Whether the statements made in any particular letter of resignation are sufficiently private in nature to implicate privacy concerns is a determination of fact that must be made on a case-by-case basis. Moreover, this determination must be made in the first instance by the custodian of the records. If you have reason to believe that the custodian’s determination regarding this matter is incorrect, your recourse is to the court, pursuant to A.C.A. § 25-19-107. I note in this regard that the Arkansas Supreme Court has consistently held that the FOIA should be interpreted liberally in favor of openness, and that exemptions from disclosure (such as the exemption related to unwarranted invasions of personal privacy) should be construed narrowly. See, e.g., Orsini v. State, 340 Ark. 665, ___ S.W.3d ___ (2000); Byrne v. Eagle, 319 Ark. 587, 892 S.W.2d 487 (1995); Ragland v. Yeargan, 288 Ark. 81, 702 S.W.2d 23 (1986); Laman v. McCord, 245 Ark. 401, 432 S.W.2d 753 (1968).

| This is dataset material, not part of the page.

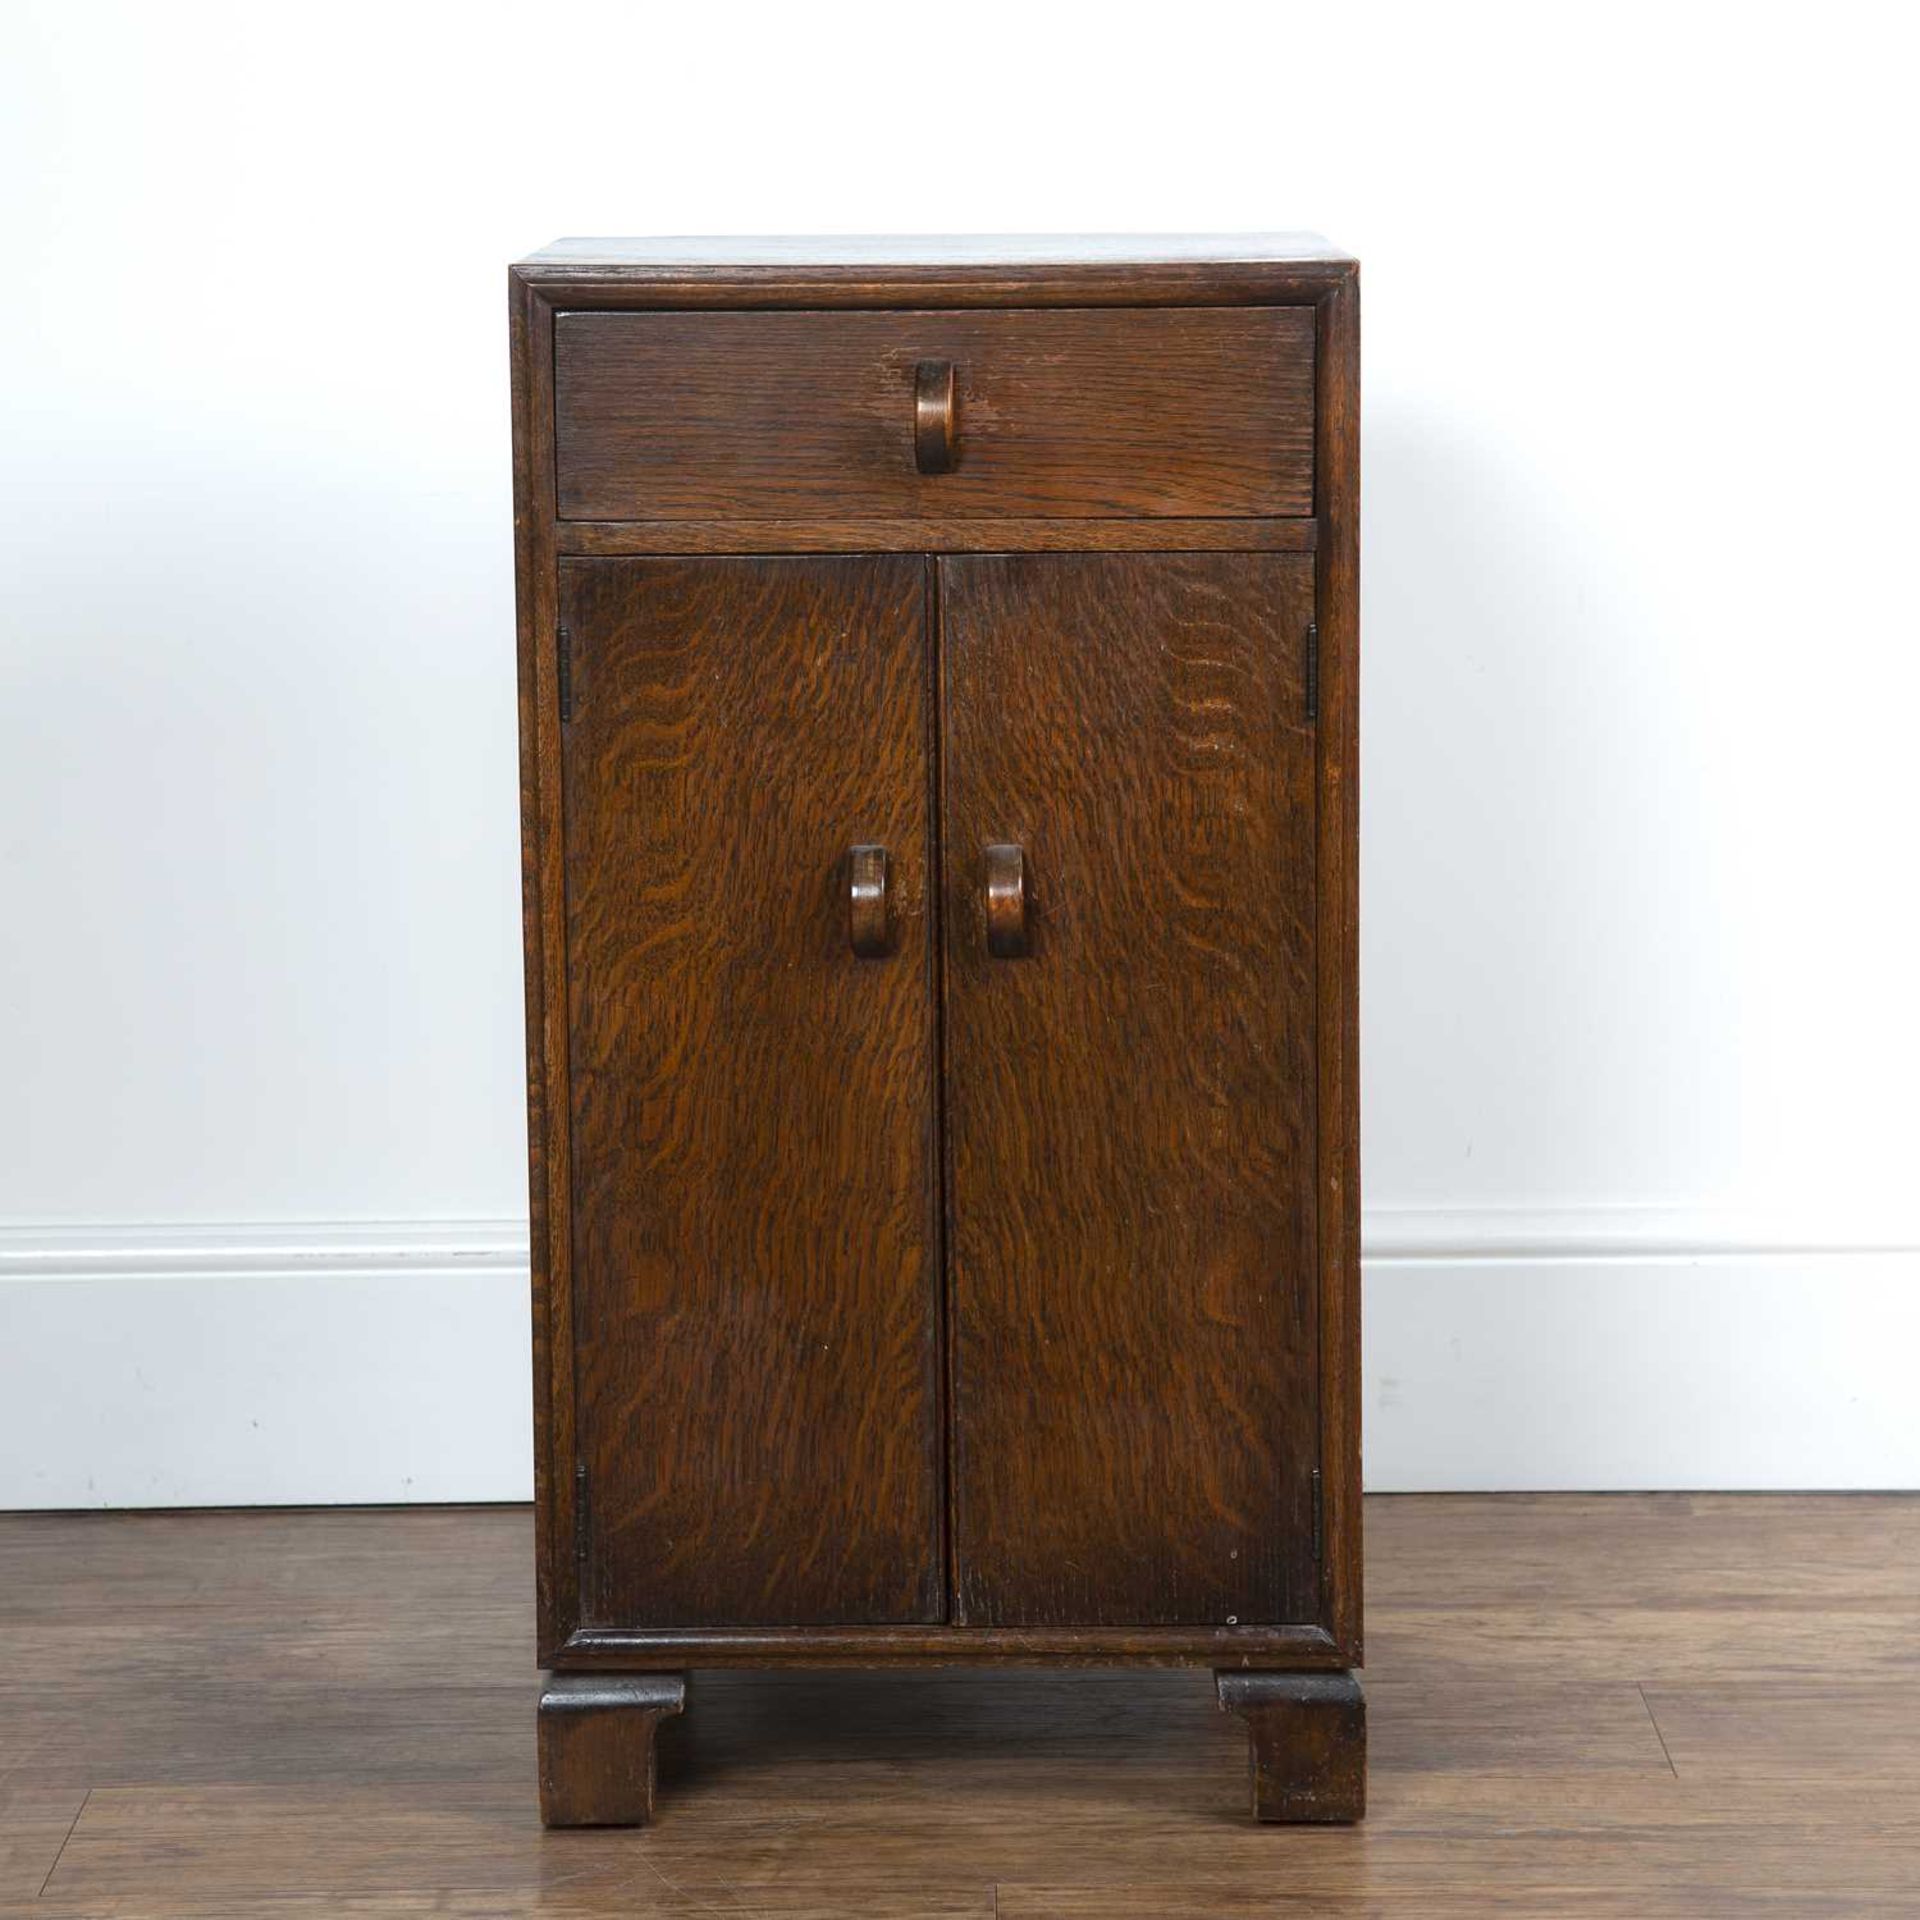 Herbert E. Gibbs dark oak side cupboard or bedside cupboard, with stylised handles, standing on

Assistant Attorney General Suzanne Antley prepared the foregoing opinion, which I hereby approve.


MARK PRYOR Attorney General


[1] I note that you have requested that I conduct a review of the records themselves. The Freedom of Information Act, specifically A.C.A. § 25-19-105(c)(3)(B), does not provide for an Attorney General review of records that have not been provided voluntarily.

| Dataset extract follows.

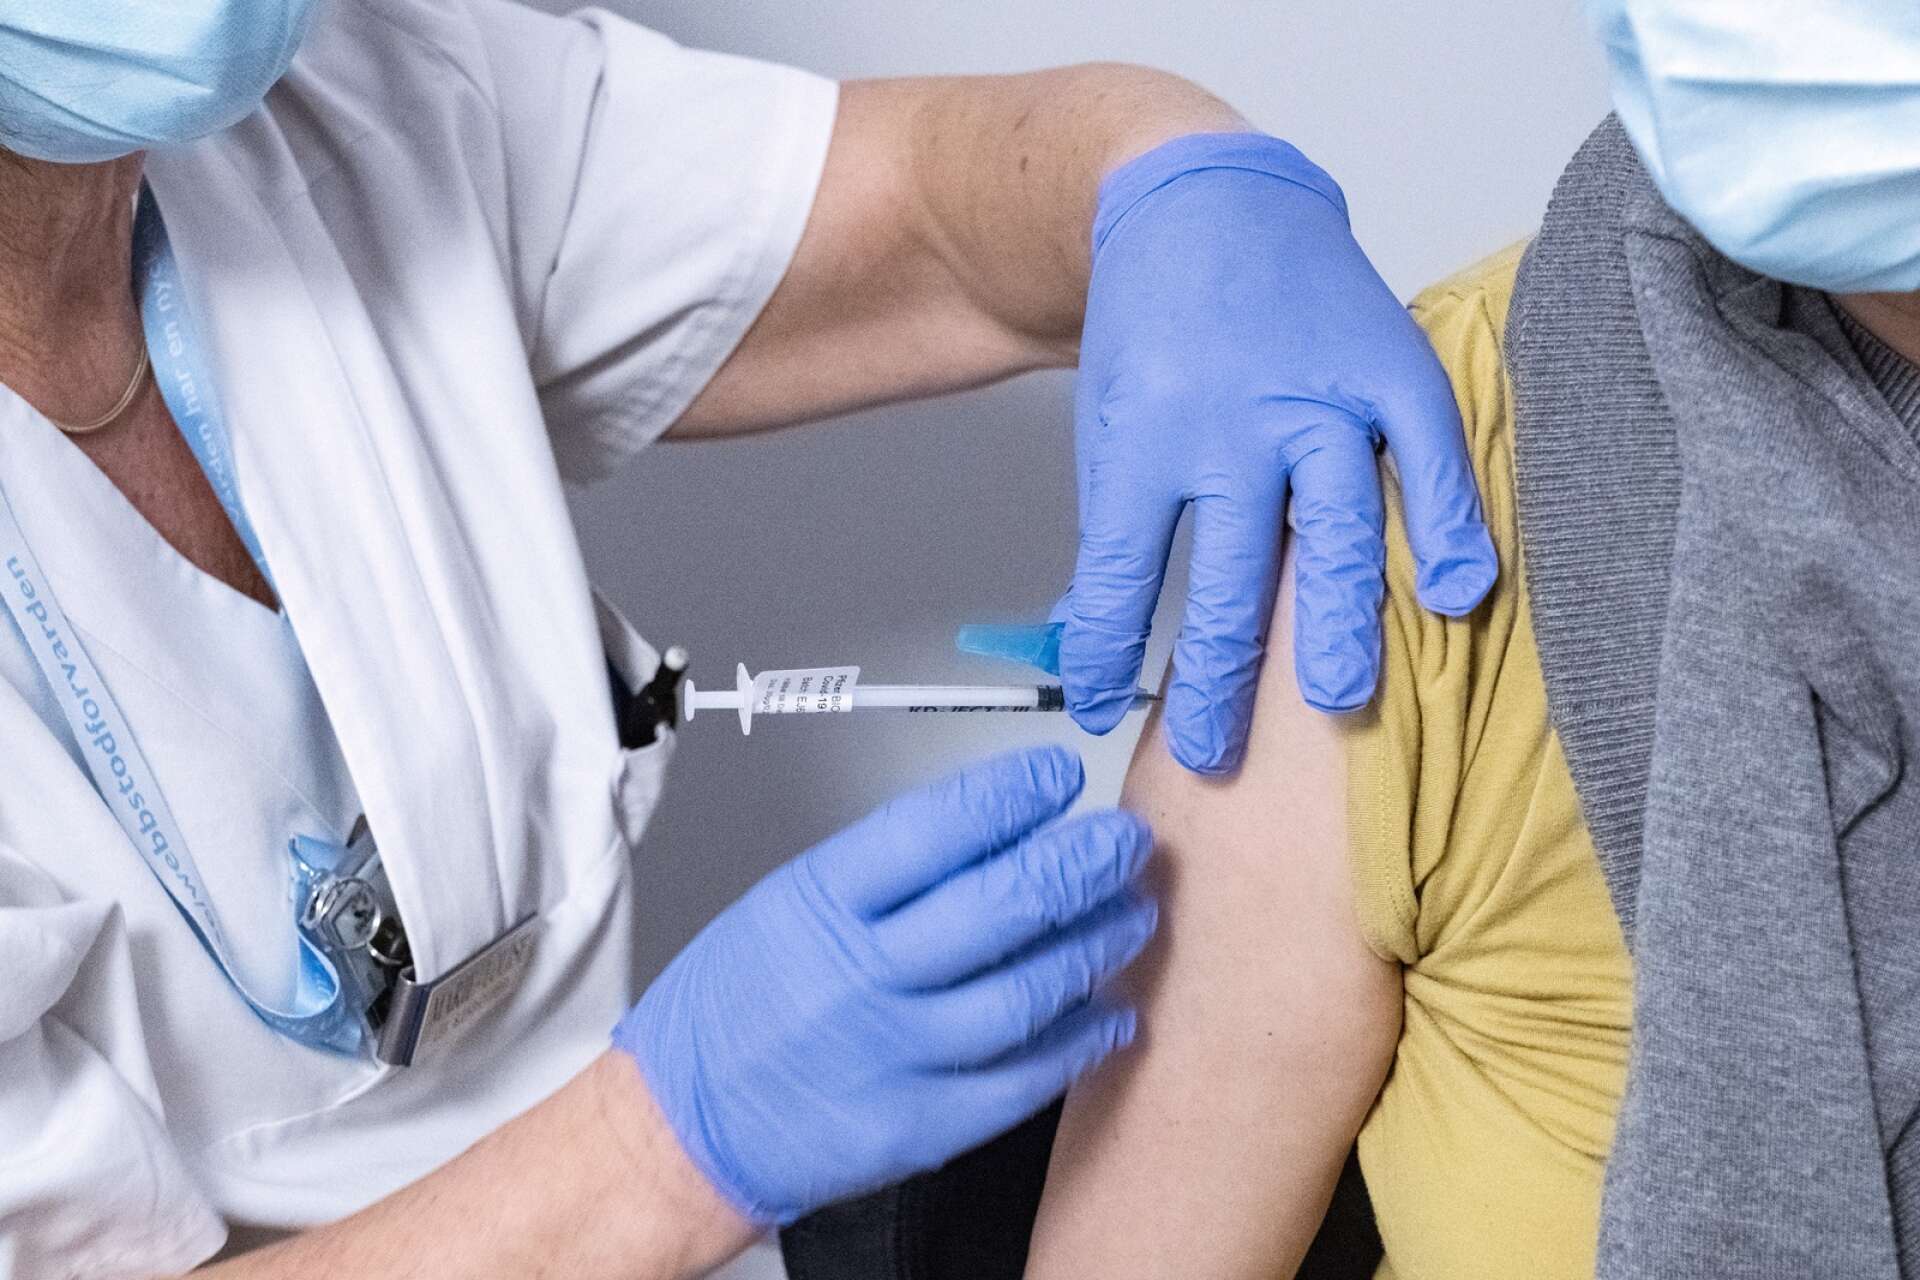 I fas 4 vaccineras alla mellan 18 och 59 år.

[2] It should be noted that some records pertaining to employees constitute “employee evaluation/job performance records,” rather than “personnel records.” The release of such records is governed by a different standard than the release of “personnel records.” For the standard that is applicable to employee evaluation/job performance records, see A.C.A. § 25-19-105(c)(1).